Jing Ge commented on FLINK-26349:
---------------------------------

hmm, I think it is a question of how the standard AvroParquet works beyond 
Flink format. The issue you found shows that it only works when the Avro data 
model is compatible between write and read. Specifically, it is not possible to 
read parquet file with ReflectData that is created with GenericData, because 
ReflectData is a subclass of GenericData.

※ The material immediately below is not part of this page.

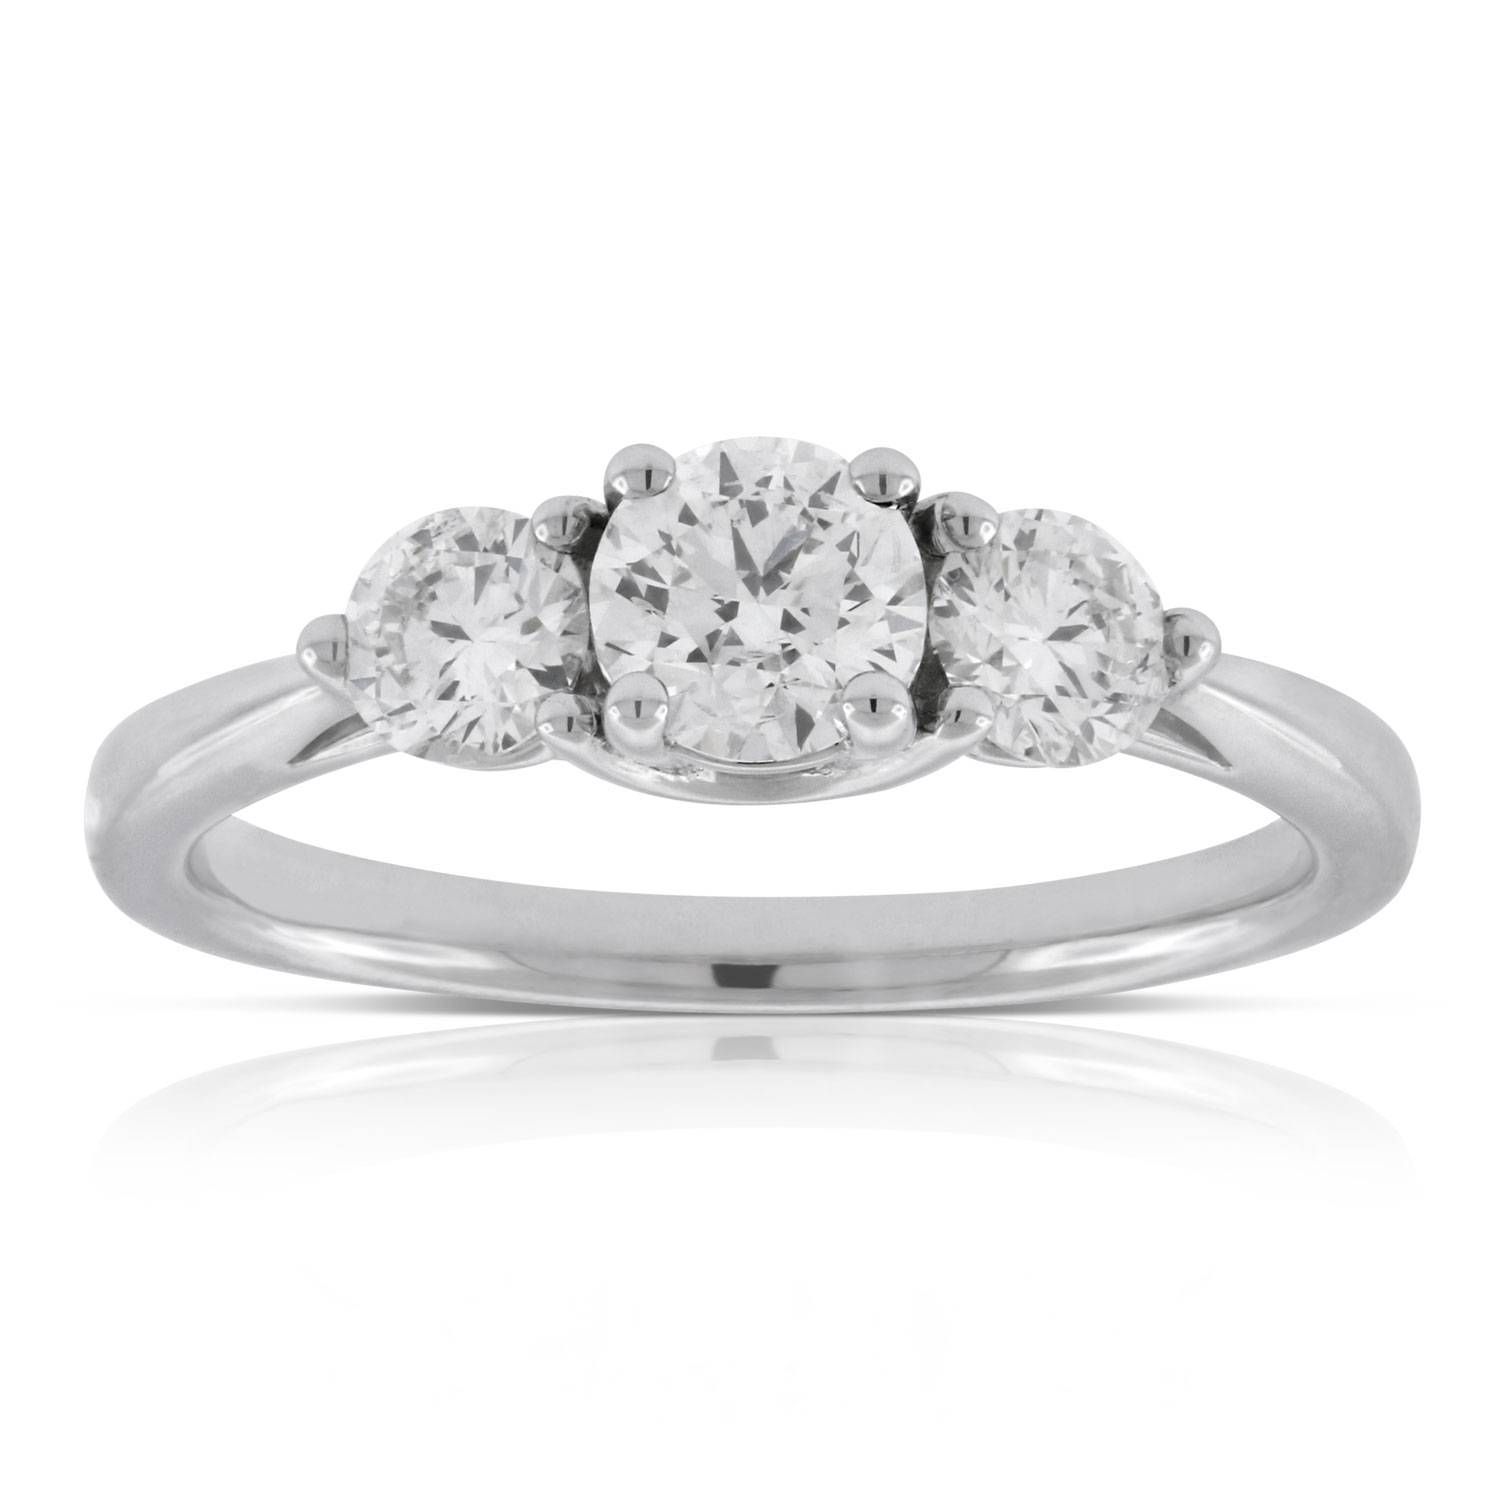 Anniversary Rings | Ben Bridge Jeweler With Most Current Diamonds Anniversary Rings (View 15 of 25)

> AvroParquetReaders does not work with ReflectData
> -------------------------------------------------
>
>                 Key: FLINK-26349
>                 URL: https://issues.apache.org/jira/browse/FLINK-26349
>             Project: Flink
>          Issue Type: Bug
>          Components: Formats (JSON, Avro, Parquet, ORC, SequenceFile)
>    Affects Versions: 1.15.0
>            Reporter: Dawid Wysakowicz
>            Assignee: Jing Ge
>            Priority: Critical
>             Fix For: 1.15.0
>
>
> I tried to change the {{AvroParquetFileReadITCase}} to read the data as 
> {{ReflectData}} and I stumbled on a problem. The scenario is that I use exact 
> same code for writing parquet files, but changed the reading part to:
> {code}
>     public static final class User {
>         private final String name;
>         private final Integer favoriteNumber;
>         private final String favoriteColor;
>         public User(String name, Integer favoriteNumber, String 
> favoriteColor) {
>             this.name = name;
>             this.favoriteNumber = favoriteNumber;
>             this.favoriteColor = favoriteColor;
>         }
>     }
>         final FileSource<User> source =
>                 FileSource.forRecordStreamFormat(
>                                 
> AvroParquetReaders.forReflectRecord(User.class),
>                                 
> Path.fromLocalFile(TEMPORARY_FOLDER.getRoot()))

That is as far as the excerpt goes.